:: WHAT YOU SHOULD DO ::
Nothing should appear in the answer except the lines from the one containing "Blue Pheasant Edmund" through the end of the listing, repeated exactly.

******

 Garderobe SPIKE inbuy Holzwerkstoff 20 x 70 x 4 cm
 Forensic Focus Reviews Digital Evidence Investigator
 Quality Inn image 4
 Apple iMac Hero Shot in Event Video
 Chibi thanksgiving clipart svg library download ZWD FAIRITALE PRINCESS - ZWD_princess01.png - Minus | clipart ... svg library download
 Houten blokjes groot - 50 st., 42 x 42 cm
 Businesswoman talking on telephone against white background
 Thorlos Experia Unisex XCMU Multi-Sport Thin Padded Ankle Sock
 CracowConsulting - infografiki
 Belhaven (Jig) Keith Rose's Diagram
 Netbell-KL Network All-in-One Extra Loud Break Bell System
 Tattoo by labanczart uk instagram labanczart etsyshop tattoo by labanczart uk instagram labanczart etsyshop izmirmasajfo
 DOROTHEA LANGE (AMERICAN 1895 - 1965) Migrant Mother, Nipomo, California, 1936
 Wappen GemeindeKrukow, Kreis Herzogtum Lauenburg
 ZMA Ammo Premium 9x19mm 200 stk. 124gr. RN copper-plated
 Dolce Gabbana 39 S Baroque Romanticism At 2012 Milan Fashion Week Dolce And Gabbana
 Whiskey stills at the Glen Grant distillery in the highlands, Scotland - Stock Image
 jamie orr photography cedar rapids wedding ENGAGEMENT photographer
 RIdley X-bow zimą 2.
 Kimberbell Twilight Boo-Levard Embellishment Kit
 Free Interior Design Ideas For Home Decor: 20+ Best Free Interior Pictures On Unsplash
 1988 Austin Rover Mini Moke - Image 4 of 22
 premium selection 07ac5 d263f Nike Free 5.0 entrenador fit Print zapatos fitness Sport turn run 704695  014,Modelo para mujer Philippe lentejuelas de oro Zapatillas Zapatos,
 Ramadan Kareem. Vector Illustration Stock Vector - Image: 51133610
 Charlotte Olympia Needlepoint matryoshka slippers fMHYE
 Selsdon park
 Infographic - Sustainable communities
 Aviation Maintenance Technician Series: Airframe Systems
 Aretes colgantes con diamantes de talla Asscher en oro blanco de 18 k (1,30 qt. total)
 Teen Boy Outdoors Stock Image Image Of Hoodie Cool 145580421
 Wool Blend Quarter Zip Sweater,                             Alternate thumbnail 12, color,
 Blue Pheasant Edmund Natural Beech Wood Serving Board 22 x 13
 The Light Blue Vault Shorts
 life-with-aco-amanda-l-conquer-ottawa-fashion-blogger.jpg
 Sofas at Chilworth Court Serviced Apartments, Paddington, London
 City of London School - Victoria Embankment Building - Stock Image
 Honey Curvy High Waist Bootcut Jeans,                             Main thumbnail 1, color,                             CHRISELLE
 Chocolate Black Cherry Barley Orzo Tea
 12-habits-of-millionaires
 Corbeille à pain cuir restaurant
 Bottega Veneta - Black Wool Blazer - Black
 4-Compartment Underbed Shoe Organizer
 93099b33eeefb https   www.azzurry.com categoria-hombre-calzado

******

:: RESULT ::
 Blue Pheasant Edmund Natural Beech Wood Serving Board 22 x 13
 The Light Blue Vault Shorts
 life-with-aco-amanda-l-conquer-ottawa-fashion-blogger.jpg
 Sofas at Chilworth Court Serviced Apartments, Paddington, London
 City of London School - Victoria Embankment Building - Stock Image
 Honey Curvy High Waist Bootcut Jeans,                             Main thumbnail 1, color,                             CHRISELLE
 Chocolate Black Cherry Barley Orzo Tea
 12-habits-of-millionaires
 Corbeille à pain cuir restaurant
 Bottega Veneta - Black Wool Blazer - Black
 4-Compartment Underbed Shoe Organizer
 93099b33eeefb https   www.azzurry.com categoria-hombre-calzado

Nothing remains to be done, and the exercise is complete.